I’ve thought long and hard about this. It makes sense even with all the risks to simply expand Medicare to cover all Americans. If you have a better idea that accomplishes all the desired goals, let’s hear it.
The current health crisis again demonstrates once again we need to do something about our healthcare system, and soon.
As I see it our primary goals should be:
1. Coverage for all Americans
2. Manage costs with the least possible third-party intervention in our health care.
3. Allow as much freedom of choice as possible.
This can best be accomplished through a public/private partnership with reasonable patient financial responsibility.
I have been enrolled in Medicare for ten years. My wife has used it many times; in-patient, outpatient, emergency room, trauma center, etc. Along with supplemental coverage, it works. If we have bills, our out-of-pocket costs are capped at $1,750 through an employer supplemental plan. Medigap plans provide more coverage.
Medicare currently covers 18% of the US population, over 60 million Americans. Currently 10,000 Americans a day enroll in Medicare. It’s hard so see a strong argument against expanding this system for all Americans.
Those of us on Medicare can use virtually any health care provider in the USA, we can enroll in private sector supplemental plans that pay some of our out of pocket costs, or we can use the Medicare Advantage option to virtually eliminate out of pocket costs in exchange for a more limited choice of health care providers.
The great majority of physicians participate in Medicare. If we happen to use the services of one of the relatively few doctors who do not accept Medicare assignment, we are protected because what they can bill is limited by law. Even if we use one of the very few doctors who has opted out of Medicare, that doesn’t mean a huge bill, it means they don’t want to file a Medicare claim. They can charge at will which the patient can determine in advance and negotiate. That’s a choice.
Medicare uses modest deductibles and co-pays. There is nothing wrong with that. Creating the illusion that health care must be free by eliminating all out of pocket costs is counterproductive. Everyone, based on their income, should expect to pay a portion of their health care bills. Such bills are no different than other bills we pay every day. A modest co-pay for an office visit does not prevent the great majority of Americans from seeing a doctor, it’s a matter of spending priorities.
While health care providers do not like Medicare reimbursement levels which are 20% or so less than private insurance (Medicaid is even less), Medicare does virtually no concurrent review or pre-approval; something doctors dislike about health insurance.
Let’s consider the positives of expanding current Medicare:
1. The quickest route to cover all Americans
2. A known system to both health care providers and Americans
3. Few limitations on when and where services can be provided or by whom.
4. A payment system in place and familiar to most health care providers.
5. Continuation of choice beyond baseline coverage
6. An ongoing optional role for health savings accounts (HSA).
7. Uniform, but regional and other factor adjusted reimbursement rates.
8. Premiums that are income based.
9. Consolidation of programs; Medicaid, CHIPS, TRICARE and VA benefits, except for those with military service-related healthcare needs, would be eliminated.
10. An ongoing role for private health insurance.
Now the issues:
1. Cost. Given there is a known system with known coverage, estimating the costs would not be that difficult. The starting point is current Medicare. Adjustments would be made reflecting the needs of all ages. Modifying the system for added benefits would come after gaining experience.
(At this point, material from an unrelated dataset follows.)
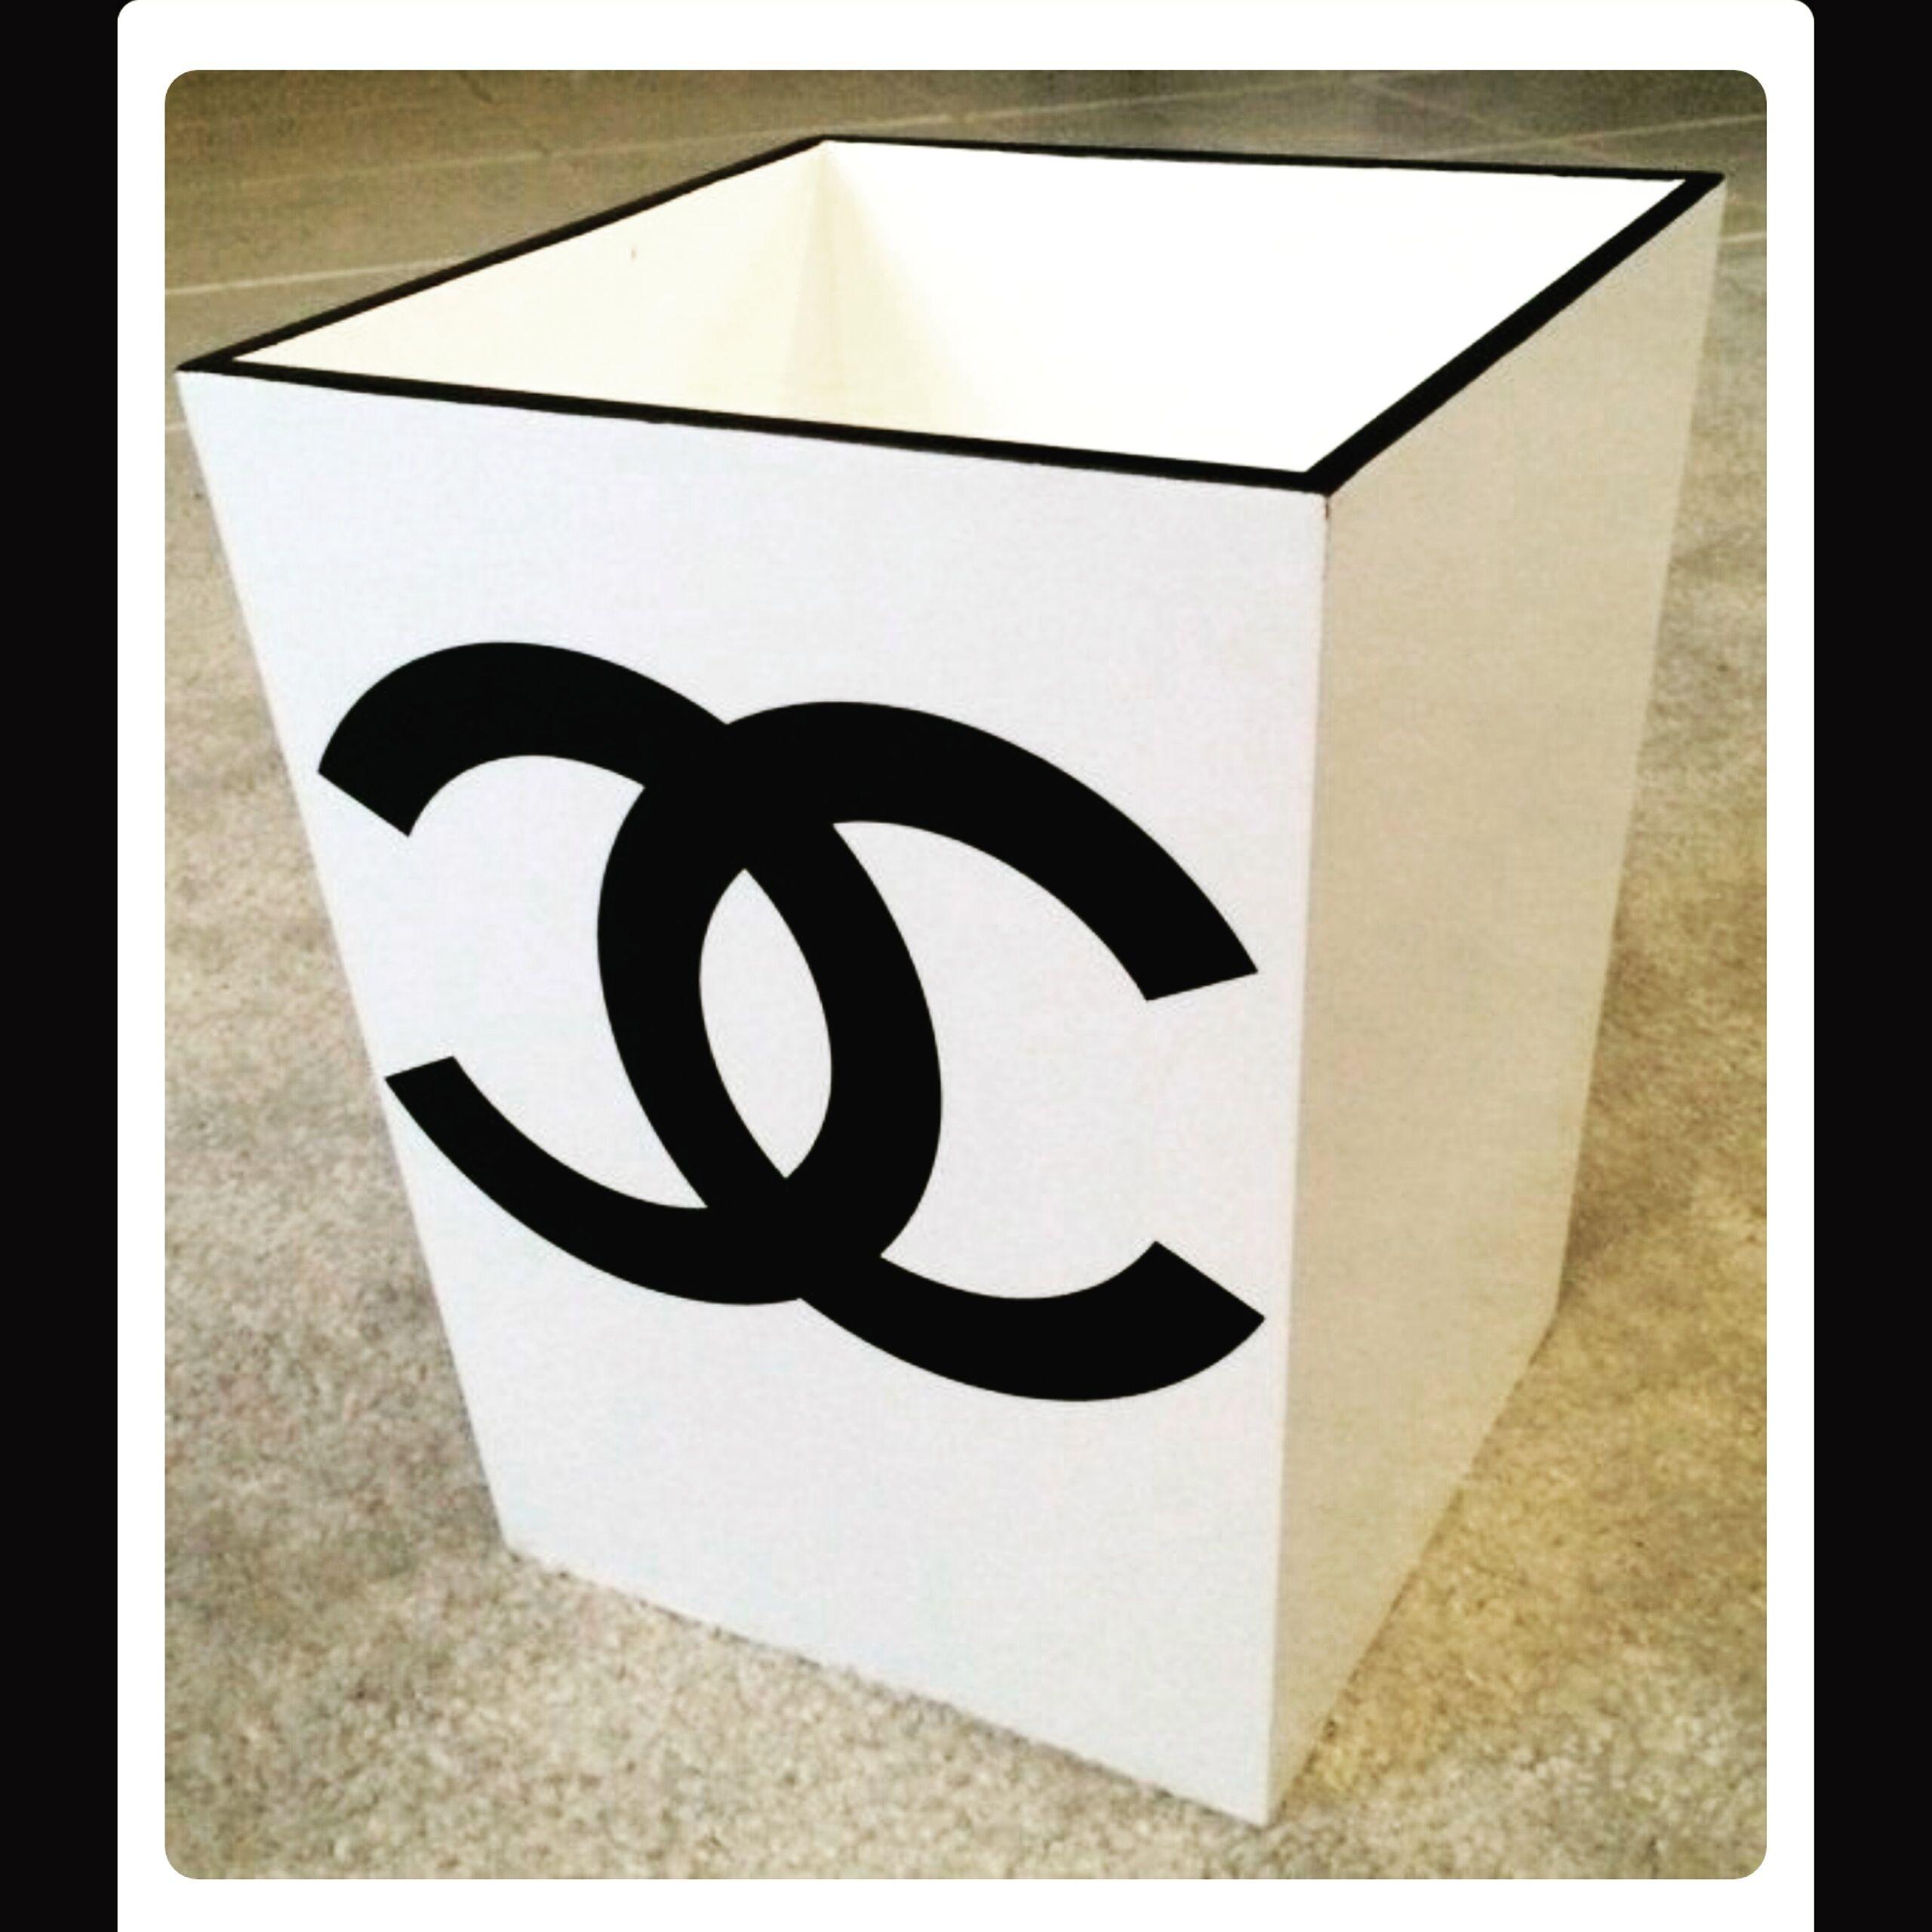 Chanel inspired trash bin white Trash Can Pinterest
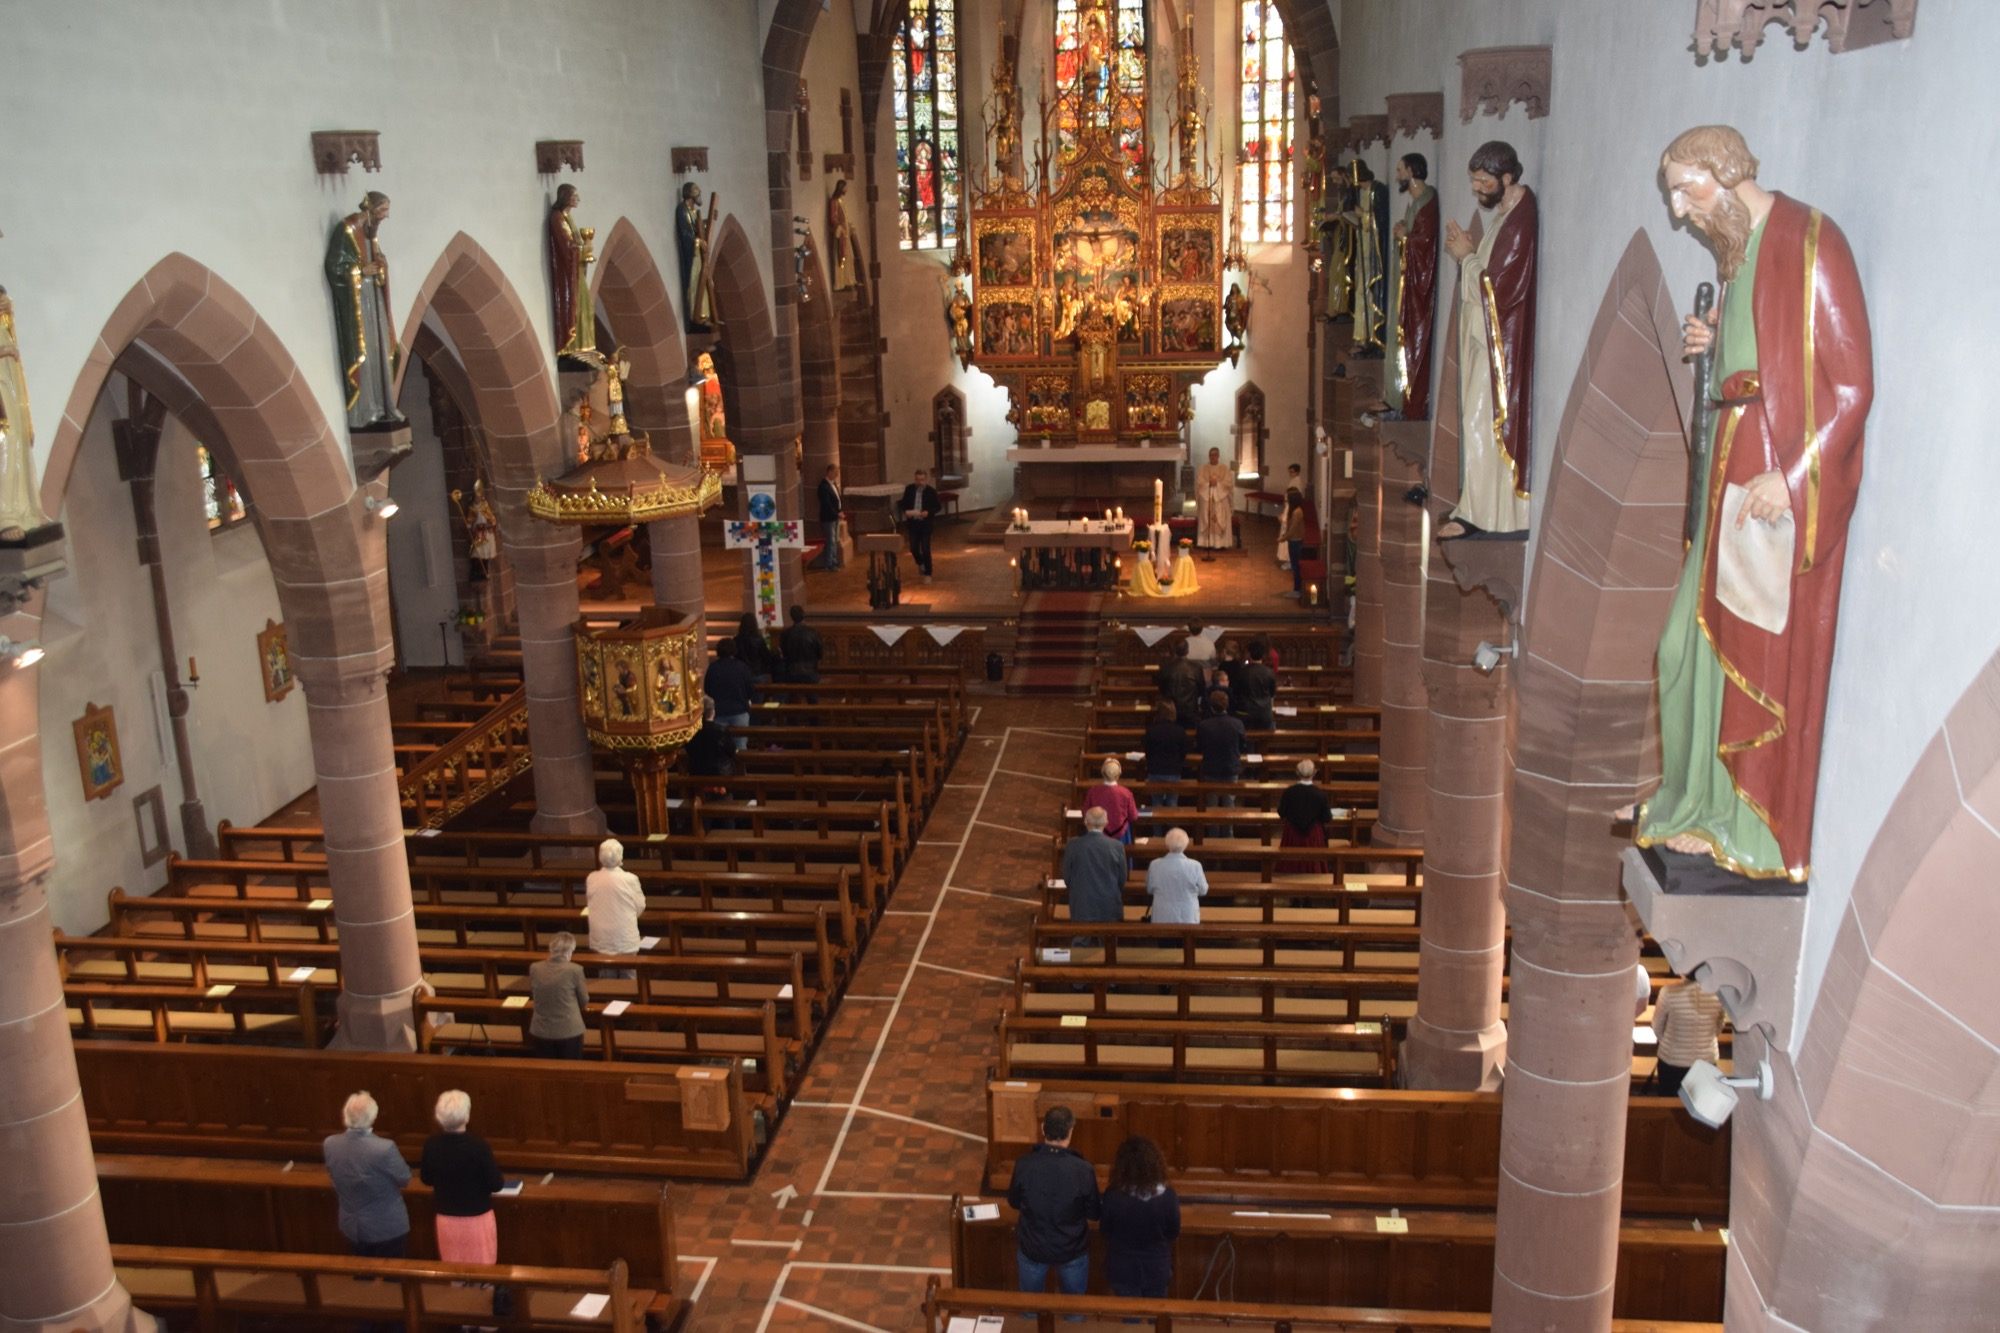 Corona Gottesdienst

2. Paying for the system. That’s easy, a combination of payroll taxes, premiums and out of pocket costs. Employers would pay a flat 8% of payroll which is generally the average they pay today. The payroll tax percentage for workers would be less, but higher than the current Medicare tax. Premiums would remain income based as would be some out-of-pocket costs. Premiums would be based on the total cost, not just the cost of Part B.
3. How will ongoing costs be managed? This question is generally ignored, but one that we should seriously consider. Either we manage costs or we continuously raise the cost of funding the system. In my view, managing costs requires questioning and maybe limiting some health care services, it may mean doing cost benefit calculations for certain procedures, it means managing resources. How else shall we manage costs?
4. Current provider reimbursement levels are inadequate. Medicare payments to health care providers are significantly less than private insurance. It is unlikely this can continue without harming health care services. We must find a fair level between today’s market prices and Medicare. And, we must encourage health care providers to maximize efficiency to help with their profits. There is minimal incentive for that today.
5. Loss of control. Yes, there will be more federal control over the payment of healthcare, and eventually perhaps over some of the the care we receive. However, studies show there is substantial unnecessary health care. The reality is that you cannot have an affordable system without some controls. Our current system demonstrates that. Even the strategies employed by insurance companies and employers have had a limited effect. Remember, it’s not always the unit prices of healthcare services that primarily drive costs, it’s the use of those services.
6. Expansion of current Medicare covered services only implemented as costs develop. Adding dental or other new coverage must be delayed and when added, all costs must built into the funding structure immediately. However, coverage would be immediately adjusted for all age groups and obstetrics.
7. There should be a national healthcare data base for individuals for efficiency, for better care and to avoid duplication and unnecessary care. You enter the system, present your card and your medical and treatment history is instantly available to your provider.